My father and I headed up to Braintree early in the morning, as you never know how many twists and turns are waiting ahead. We arrived at the Plain Street Cemetery just after 10:30am (at least we thought it was the Plain Street Cemetery). We didn’t notice a sign but that didn’t stop our enthusiastic start. A quick look around revealed no map but there were a few section marker signs…we just needed to figure out the “system.” We were looking for Section 1, which might have also meant the oldest section (not sure) and maybe the first section that pre-dated the whole idea of numbering the sections of the cemetery (not sure about that also, but upon reflection of our day, I think the section numbering idea was not developed on day 1…). By now my father and I have established a fairly good system of cemetery searching, spreading out a bit to cover more area but also staying close to communicate and second check each other. After a bit of walking around and one or two distant cousins with the same Perkins name, we finally found George and Julia. The feeling was pretty wonderful – we had found the evasive burial place of important family members and we were now connected in a new way, albeit through prayer and respect for their final resting place. We cleaned the grave markers and paid our prayerful respect for a time.

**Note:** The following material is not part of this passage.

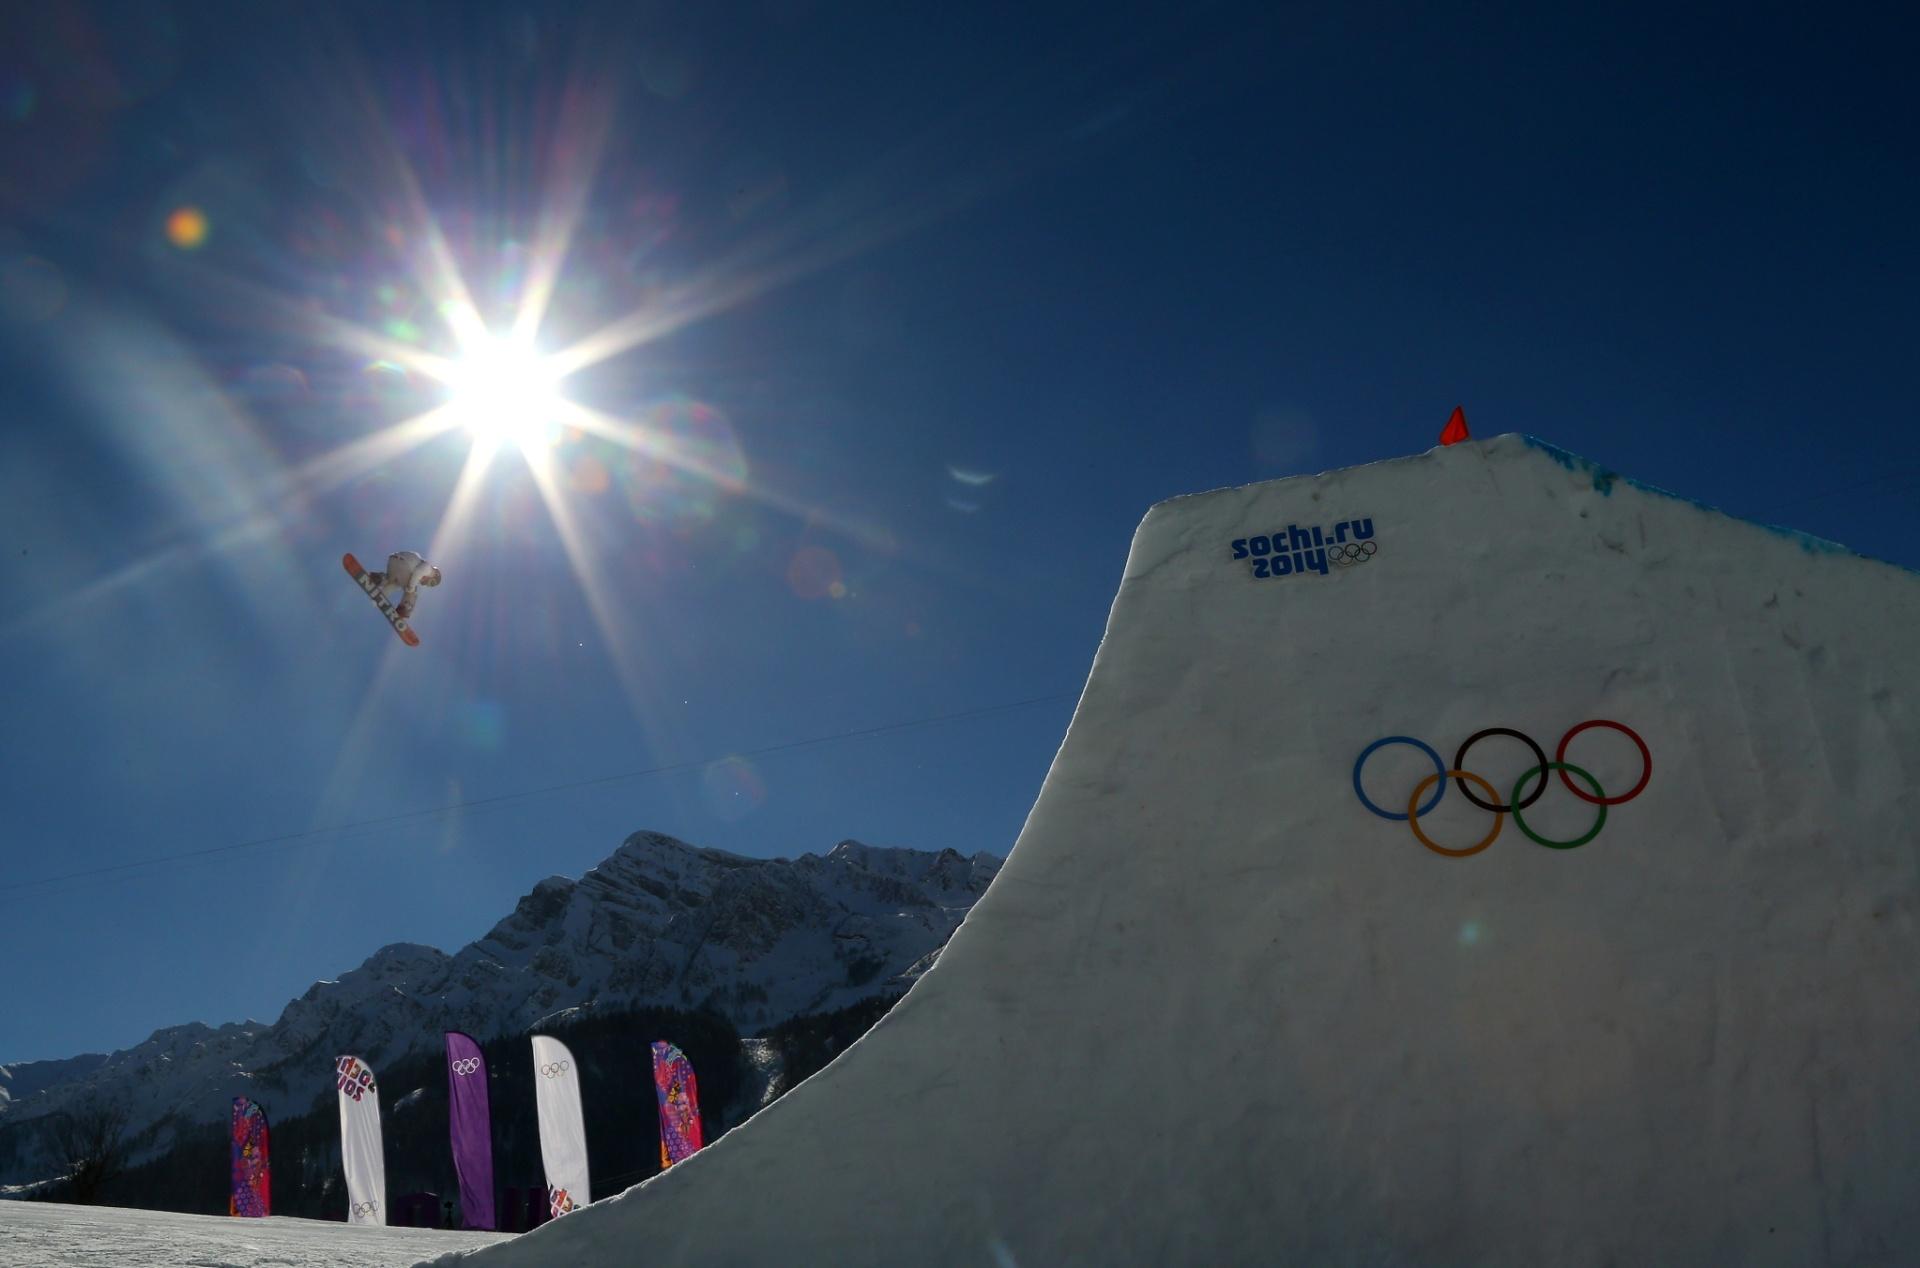 09.02.2014 - Sol ofusca imagem do sueco Sven Thorgren, do snowboard slopestyle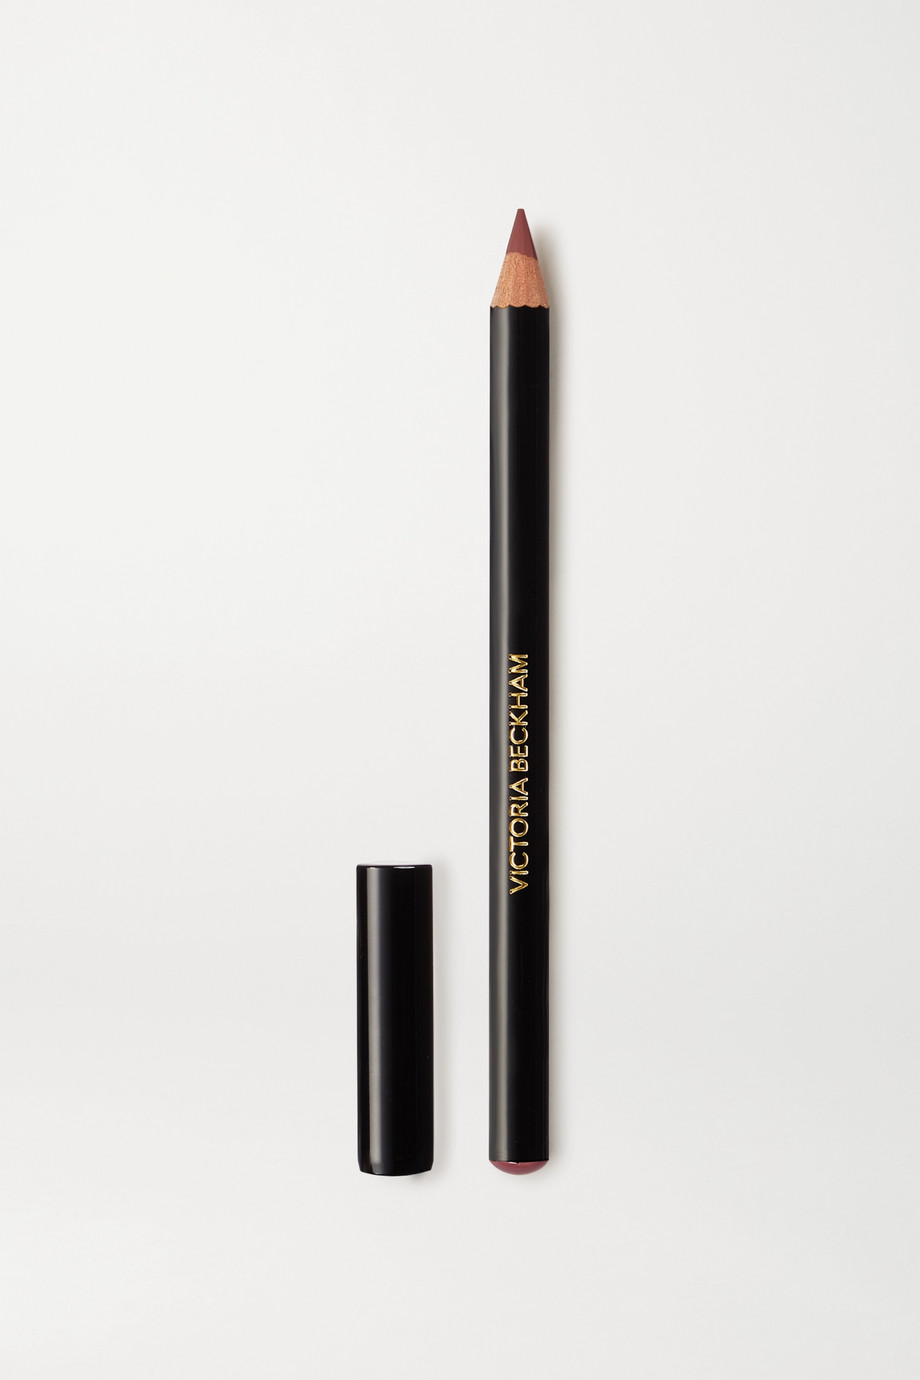 Victoria Beckham Beauty Lip Definer - 04

Our next mission was to try to better understand where and when George had died. We headed off to the Town Clerk’s Office in Braintree…confident that that is exactly where he died (or, at least that’s what we told the Town Clerk). No…no record of George H. Perkins in Braintree. He jumped in the car and headed off to Quincy because family stories had placed a few relatives there. Again, a boost of confidence and a meeting with the City Clerk in Quincy. The City Clerk was not as confident, so we were allowed to check the record index ourselves. Again, we were fortunate to find George’s record in Quincy and close the loop on this bit of his story…many more stories await!